**Your task**
Each line below is to be copied exactly; images do not go into the copy.

**The data**
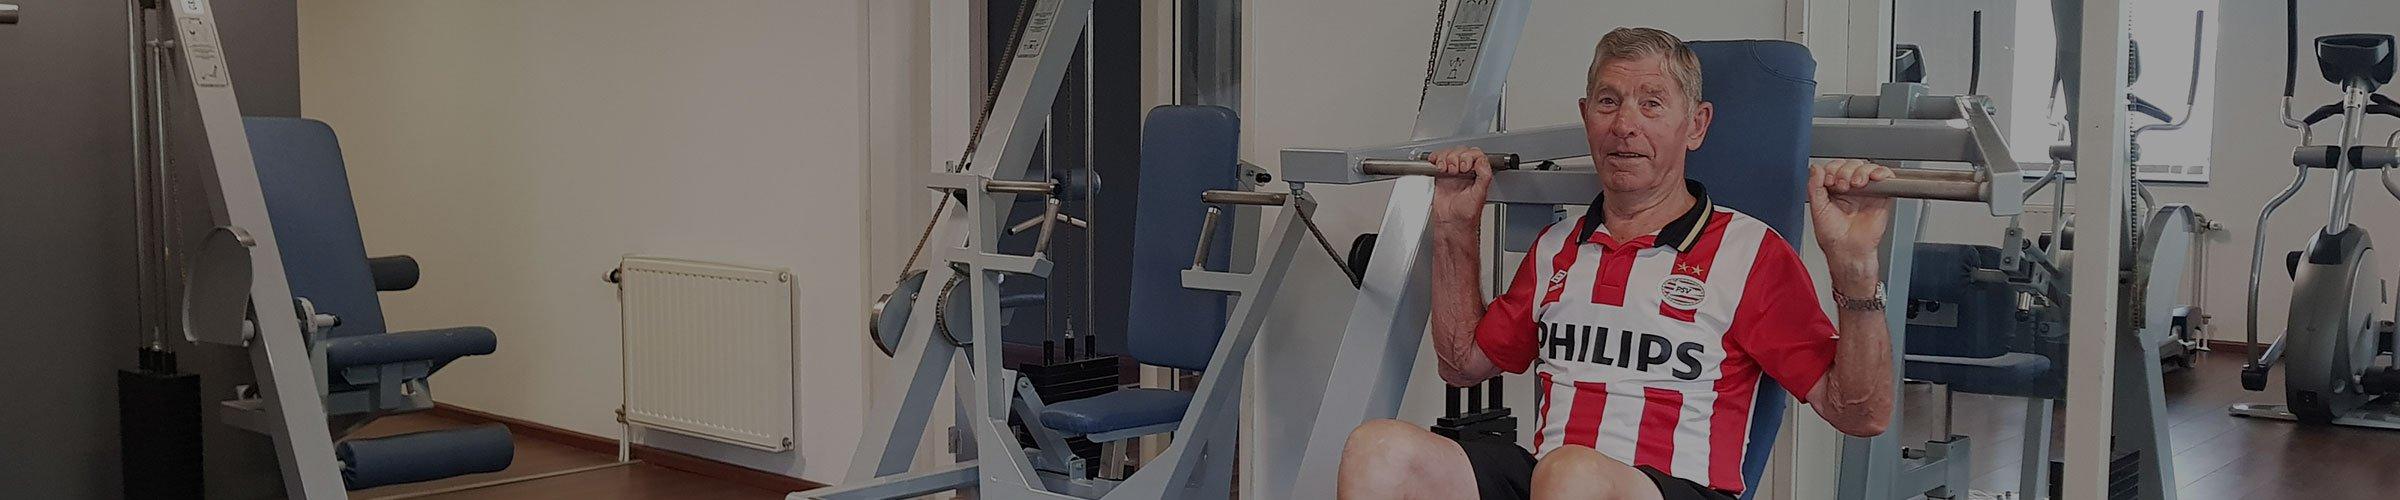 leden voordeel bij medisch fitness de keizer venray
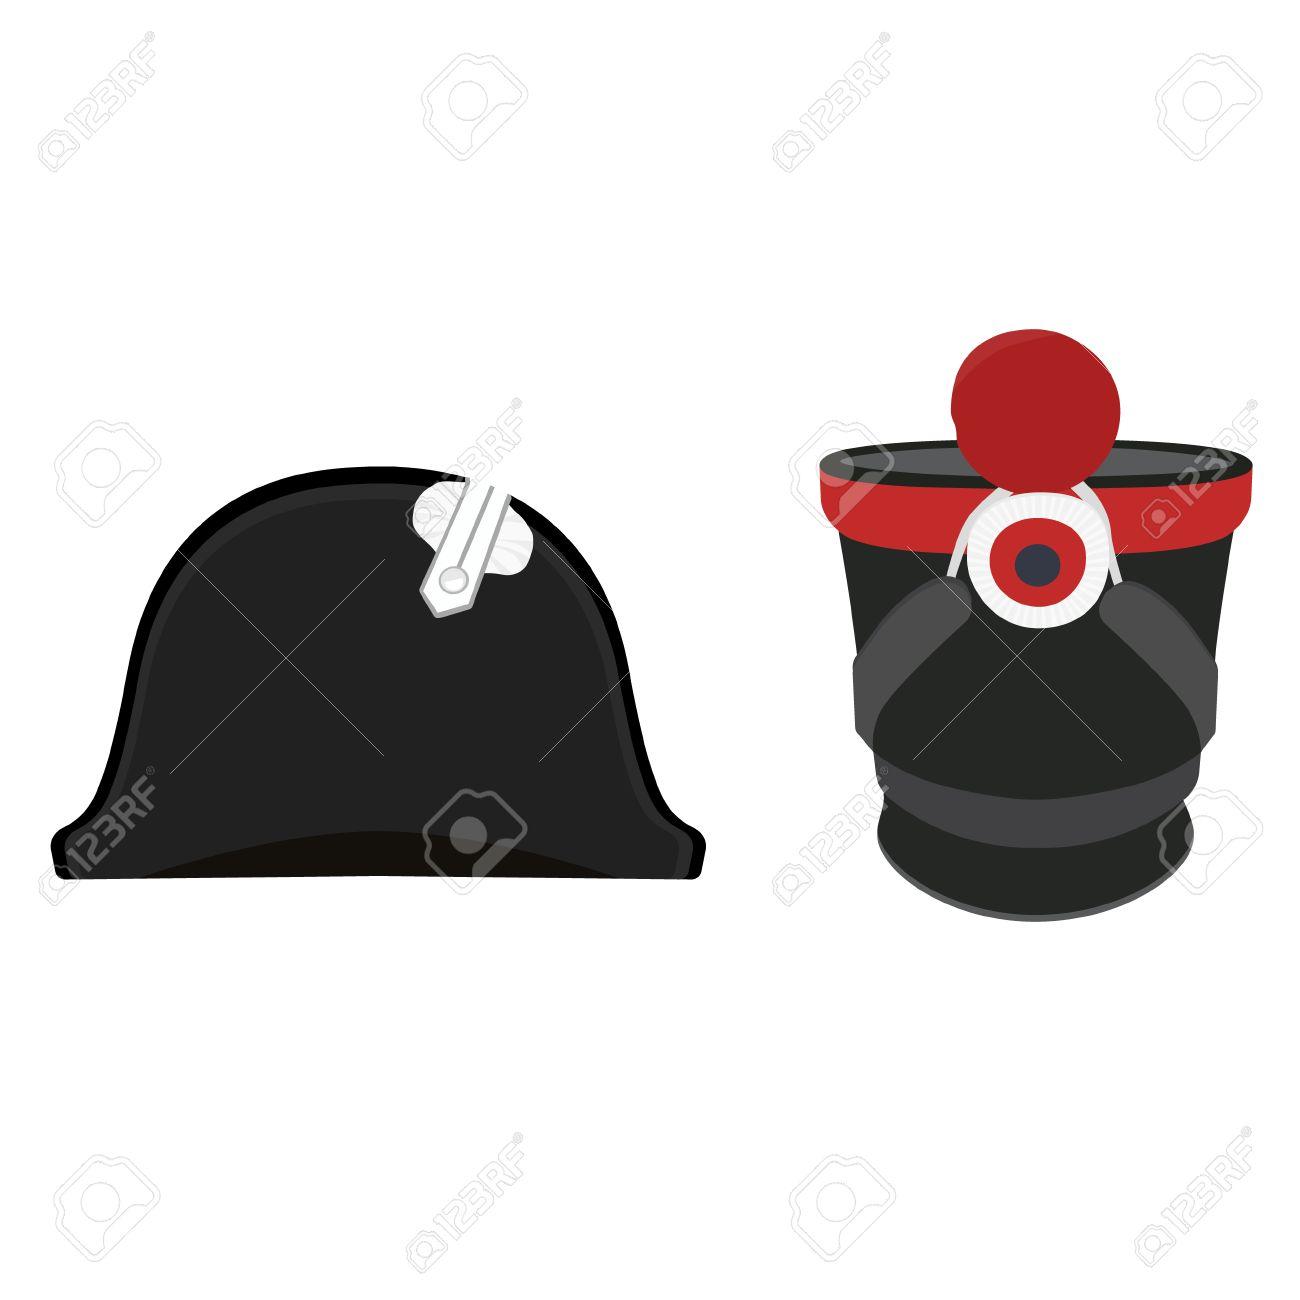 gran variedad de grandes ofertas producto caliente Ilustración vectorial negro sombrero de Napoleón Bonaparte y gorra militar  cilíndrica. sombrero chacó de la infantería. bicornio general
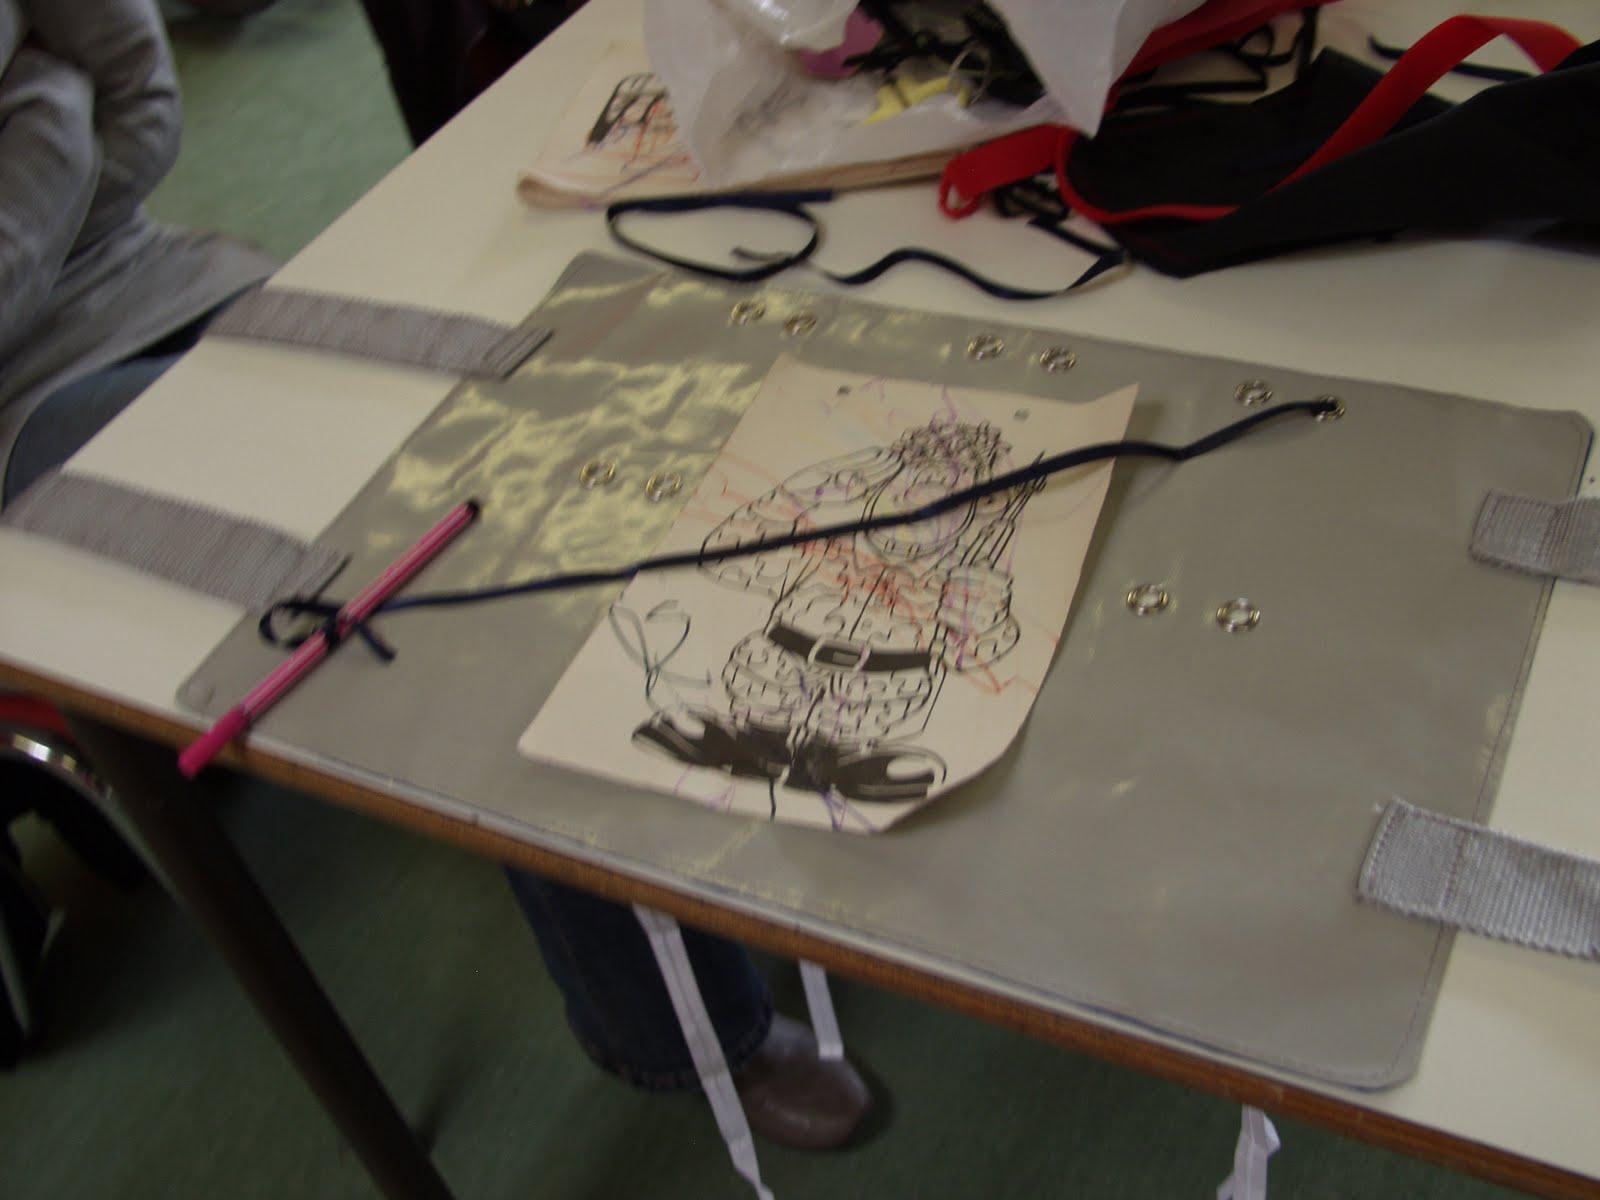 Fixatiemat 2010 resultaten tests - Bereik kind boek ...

**Exercise response**
 leden voordeel bij medisch fitness de keizer venray
 gran variedad de grandes ofertas producto caliente Ilustración vectorial negro sombrero de Napoleón Bonaparte y gorra militar  cilíndrica. sombrero chacó de la infantería. bicornio general
 Fixatiemat 2010 resultaten tests - Bereik kind boek ...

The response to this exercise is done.